**WHAT TO PRODUCE:**
All of the listing, from first line to last, should be output exactly; the pictures stay out.

**STORED DATA:**
=== Section Start ===

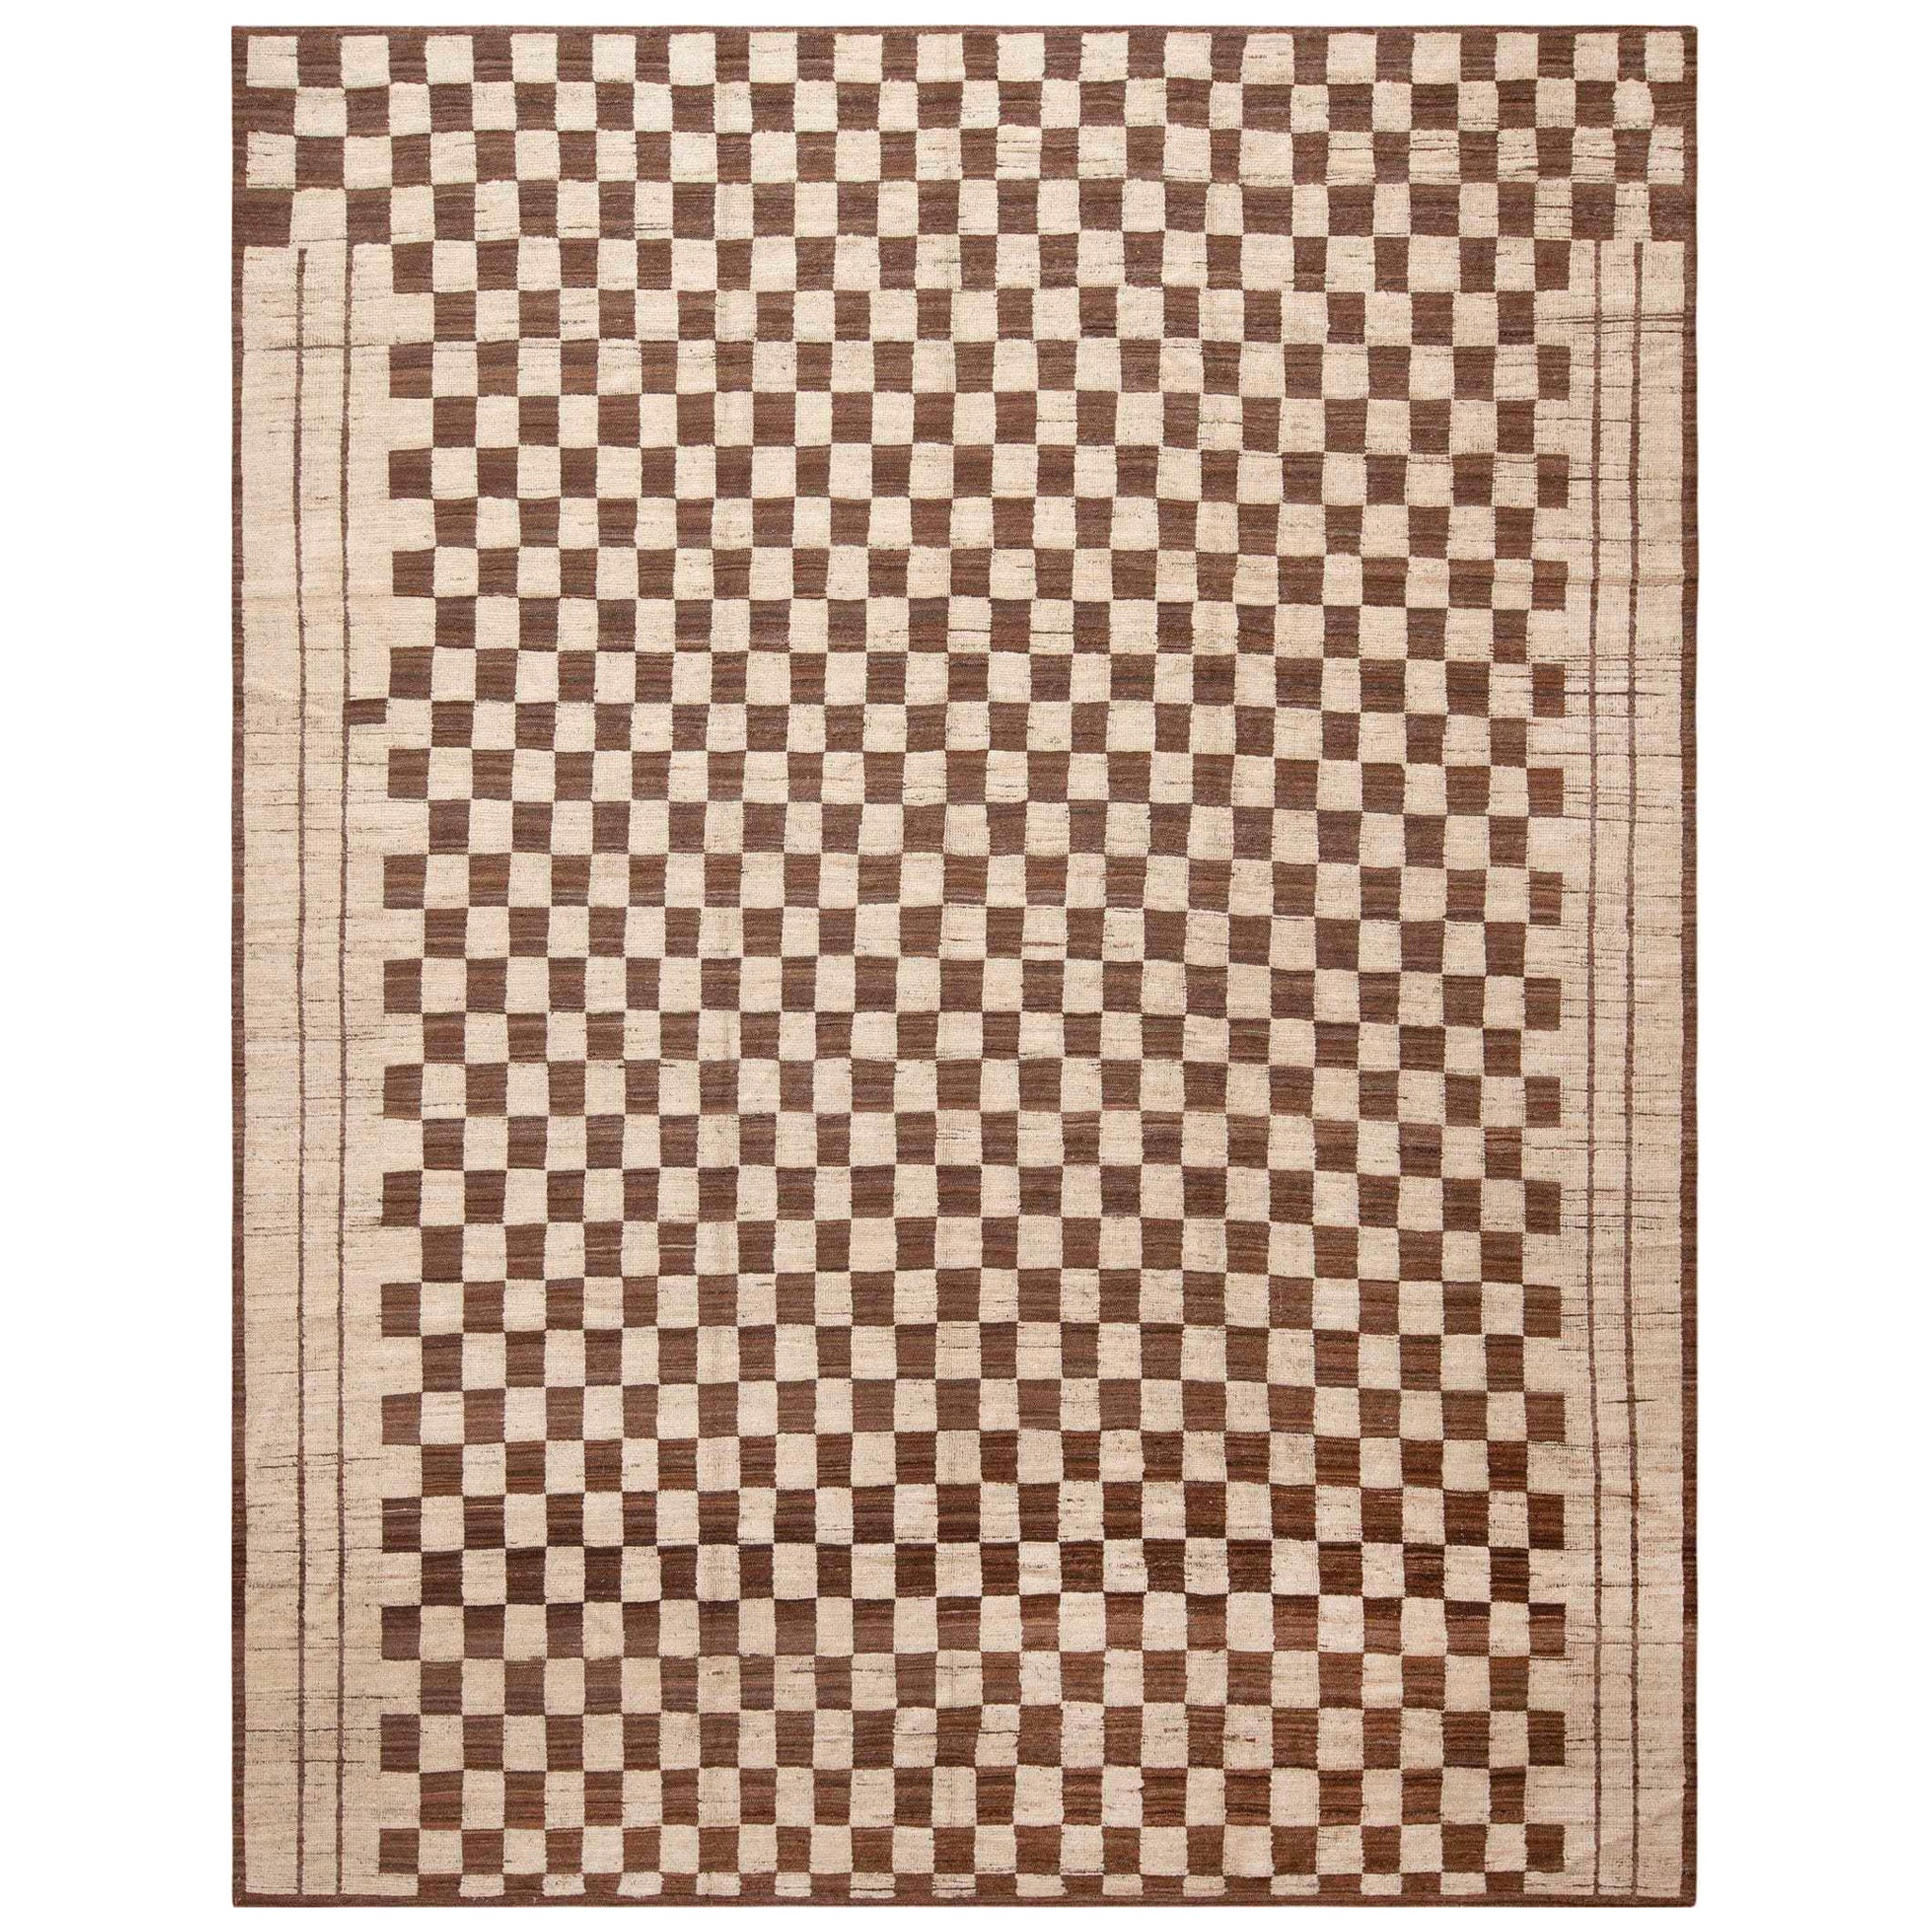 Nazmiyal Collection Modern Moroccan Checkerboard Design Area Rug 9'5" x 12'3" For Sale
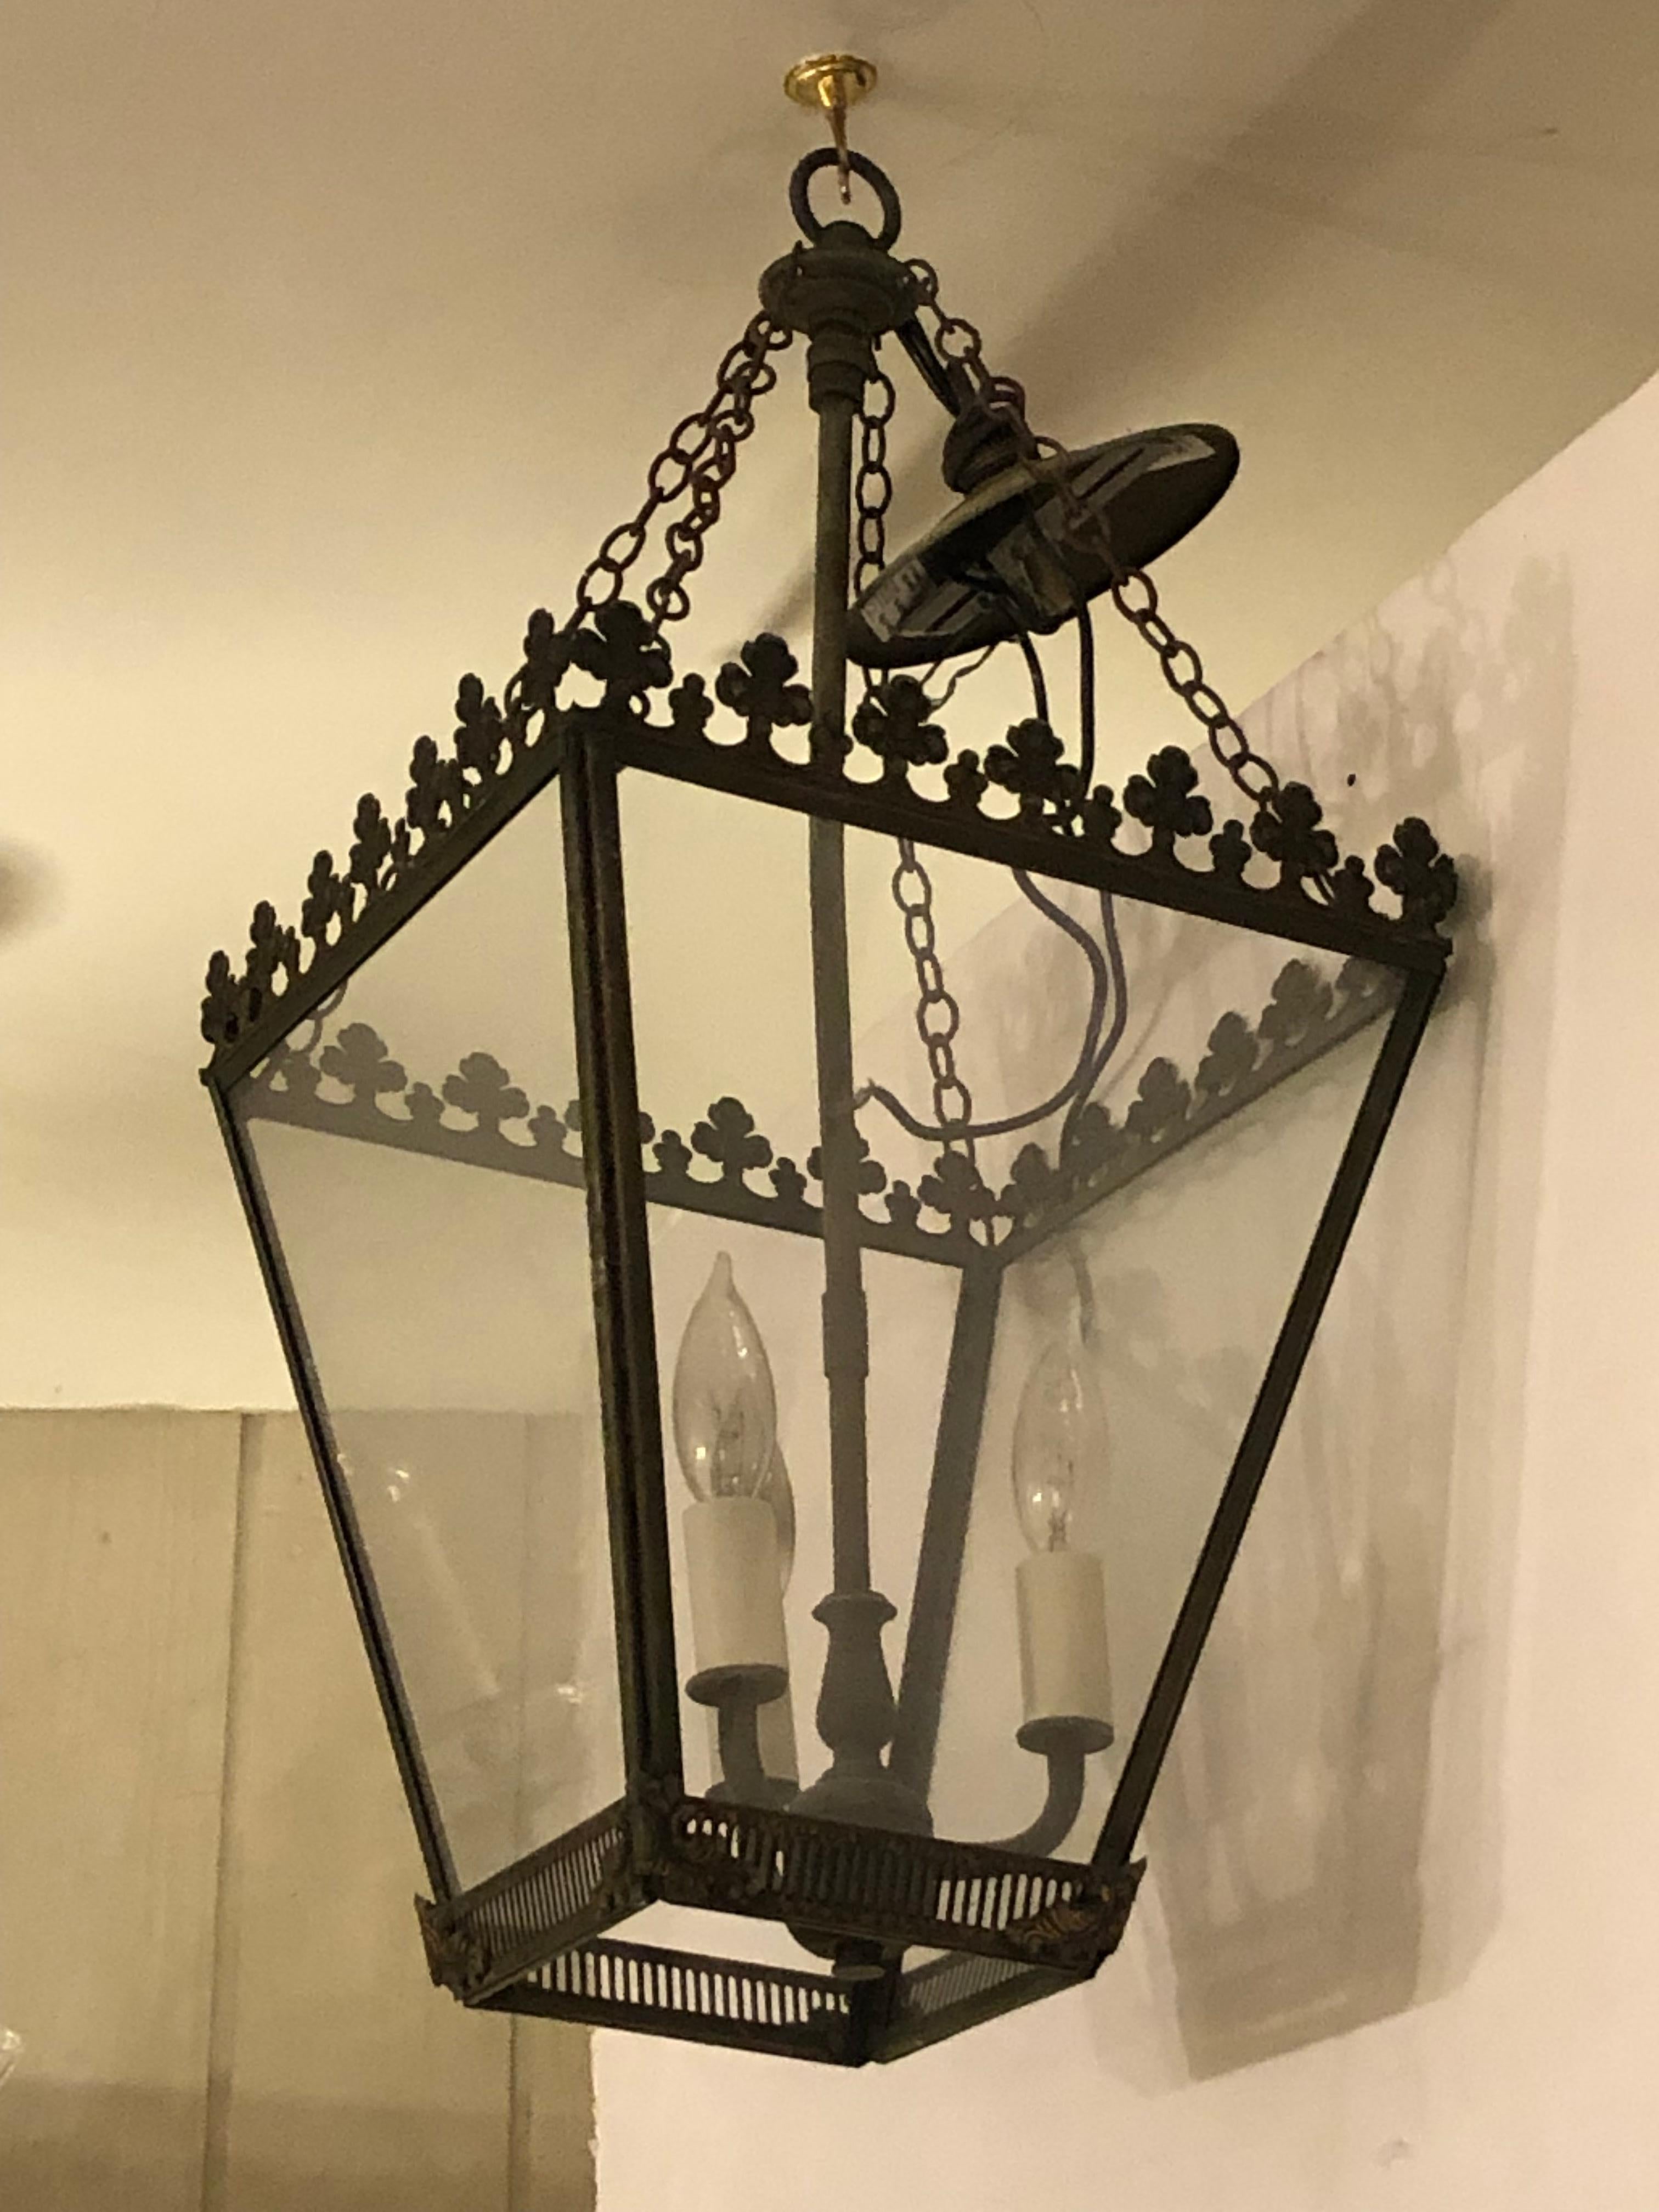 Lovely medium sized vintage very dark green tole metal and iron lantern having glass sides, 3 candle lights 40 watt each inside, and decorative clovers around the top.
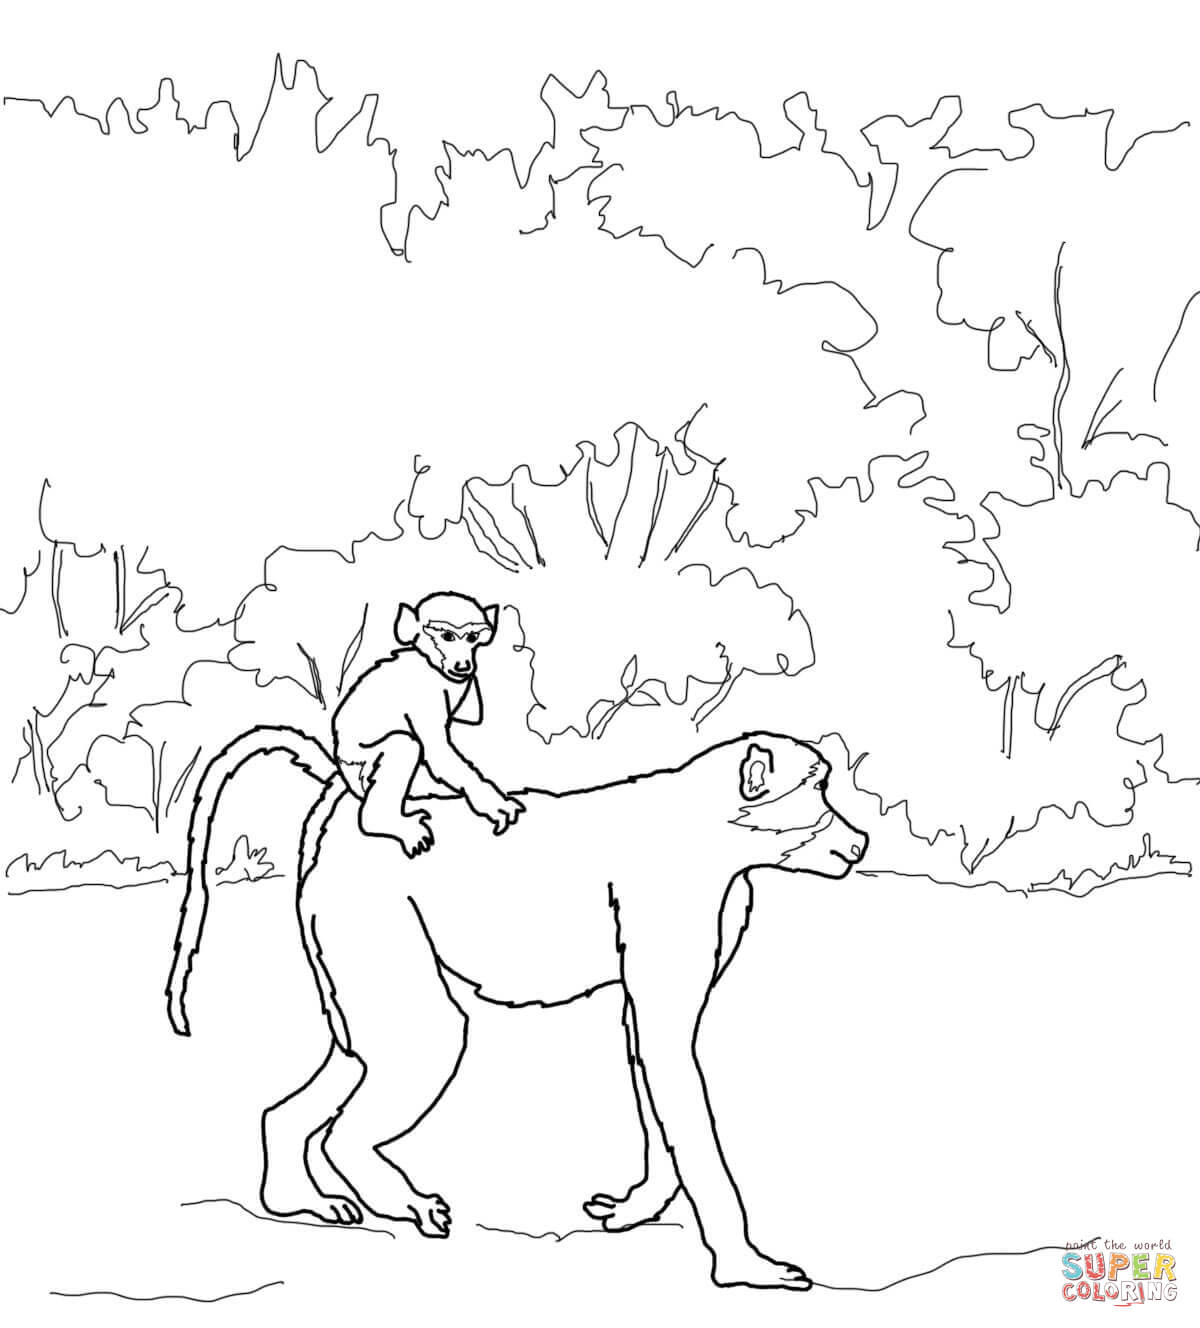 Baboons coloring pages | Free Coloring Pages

=== Section End ===

**EXERCISE RESPONSE:**
 Nazmiyal Collection Modern Moroccan Checkerboard Design Area Rug 9'5" x 12'3" For Sale
 Lovely medium sized vintage very dark green tole metal and iron lantern having glass sides, 3 candle lights 40 watt each inside, and decorative clovers around the top.
 Baboons coloring pages | Free Coloring Pages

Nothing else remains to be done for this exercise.